Sunday, 3 July 2011

Money in the hat

Vietnam, Mekong Delta

Three of the four tourists wore their tour-inclusive pointed bamboo hats as they were paddled fore and aft in a canoe through the thin, mangrove lined canal just off the Mekong River in southern Vietnam.  The fourth, grumpy at being herded around, harrumph-ing at the trash that littered the banks, and displaying the effects of a traveller’s worst fear; meeting other travellers, mumbled ‘don’t want it’ when the bamboo hats were passed back through the canoe.  Can you guess who this grump was readers?

Passing other canoes heading in the opposite direction, light of load now their tourist meat had been delivered to the waiting boat, the fore paddlers hissed an initially unintelligible phrase to us – ‘teeep morny’.  ‘What are they saying’? I asked Helen.  ‘Good morning, I think’ she responded, as another paddler hissed at us, this time rubbing his thumb and forefingers together.  ‘Oh, right, I see, they’re saying tip money’, I said, the repeated pleas now becoming clearer, more insistent, and frankly more irritating with each passing canoe.  A clever and unequivocal little phrase that one, precluding as it does the waggish response of ‘don’t eat yellow snow’.  Being harangued into tipping is an experience that can sully the most pleasant of experiences, just as excessive hawking and the directive of ‘you buy something’ can ruin a browse through a market.  And yet, irritating as these things may be, I still understand and admire the enterprise of it, perhaps even the necessity of it, for this is a game in which the outcome matters far more to the hawker than the prey.  Nonetheless, a t-shirt that reads ‘no thanks, got enough crap already’ would be a useful wardrobe addition to the market browser in Vietnam.   

The hissing paddlers were part of a two day ‘Mekong Explorer’ tour, run out of Ho Chi Minh City (formerly Saigon), a ludicrously good value way to get to Cat Tho, stay overnight, then reject the return bus journey back to the city (so ludicrously good value and with such small margins that I wondered what the paddlers cut of the take was - not much I concluded handing over a tip). So instead of heading back to Ho Chi Minh City with the rest of the group we have continued west, towards the coast and then on to Phu Quoc Island, where I sit now, overlooking the Gulf of Thailand, a cool sea breeze cutting through the humidity of the day, my writing instruments of beer, cigarettes, notebook, and laptop fanned out in front of me.  The tour made me grumpy at first, but as it went on I became more pensive, the continual undertone of tips, kickbacks, and tourist trappings shifting from an irritant into an insight.  An insight into a nation that has quietly said no the political philosophy of the communist government, and has collectively jumped on to the capitalist bandwagon, grappling over each other to reach the Rolls Royce at the front of the traffic jam.    

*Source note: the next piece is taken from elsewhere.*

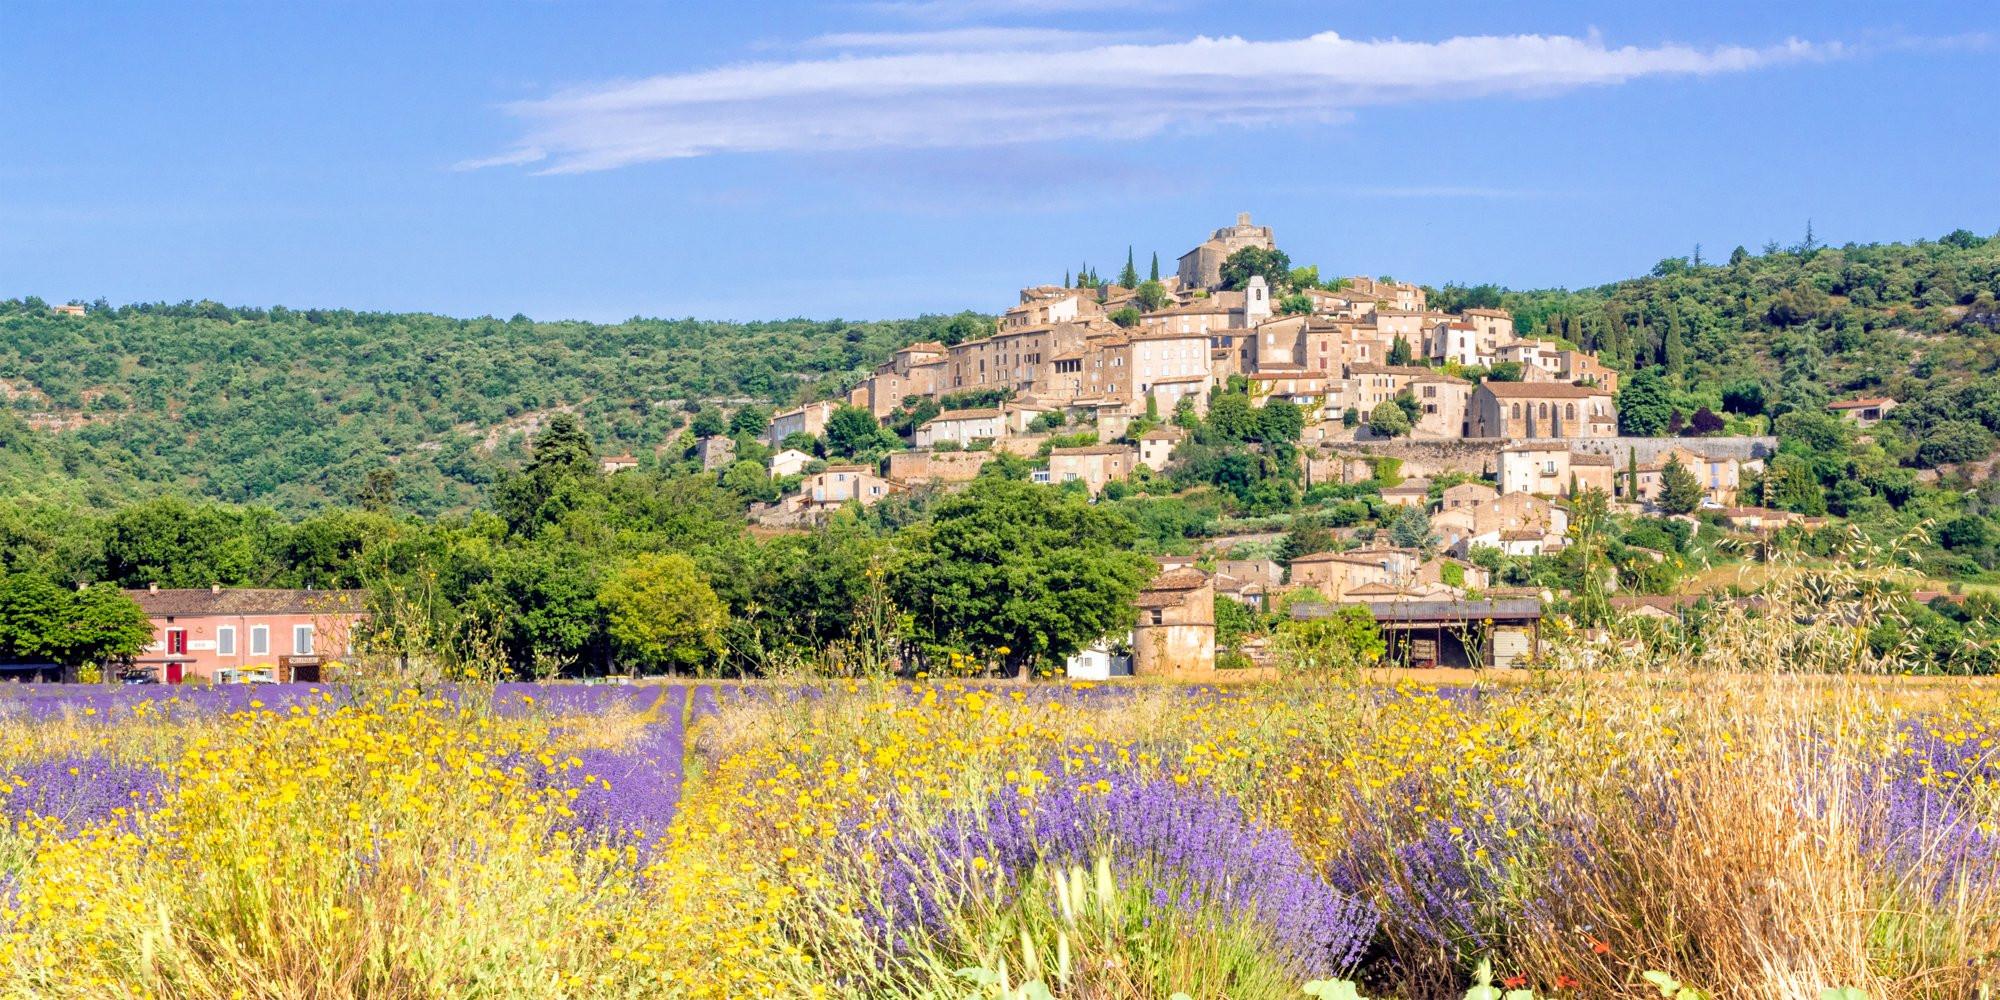 Simiane-la-Rotonde Provençal perch village in Vaucluse France

On the second day, in a quiet moment, I asked our guide what ambitions young people like him had.  His response, ‘to make money’, does not translate well into the written word, as it implies the kind of shallowness that those who yearn to ‘be famous, just famous’ exhibit.  However, he was saying more than this, I think; he was telling me the chance was there to do something other than just survive, that the luxury of peace and relative stability was a platform not to be squandered.  With an accent and phrases that were a bizarre mix of Seattle and Saigon, his tour guide patter also provided an insight into what exercises the collective mind of the country’s youth.  We weren’t there man, we weren’t there! was his unspoken cry, the war a non-memory, an irrelevance to the young of this striding society.  He spoke of wealth, and non-wealth, of how people made a living, and of international relations between themselves and their neighbouring countries of Laos, China and Cambodia, each trying to harness, in this case, the Mekong River and its banks as a power and revenue generator. His tour commentary, repeated daily and with the same jokes no doubt, seemed nonetheless to have a spontaneous edge to it, as if he was thinking out loud, trying to understand his rapidly shifting country, and his place in it.  The word ‘money’ littered his soliloquies; how to get it, how it has been lost, what it’s like to have little but want lots. 

And I ended up rather liking him for it.  He taught me more than I could ever learn from a book, he revealed a lot about what the national character of Vietnam’s youth is like, and he did so with a charming uncertainty of just how he would fit in, but a rigid certainty that he wanted a piece of this new world pie.  In some ways I think this makes this young lad from Saigon no different from a peer in Seattle.  He wanted to get on, but just wasn't sure how yet, and I liked him for that.

But I’m still not wearing that bloody stupid hat.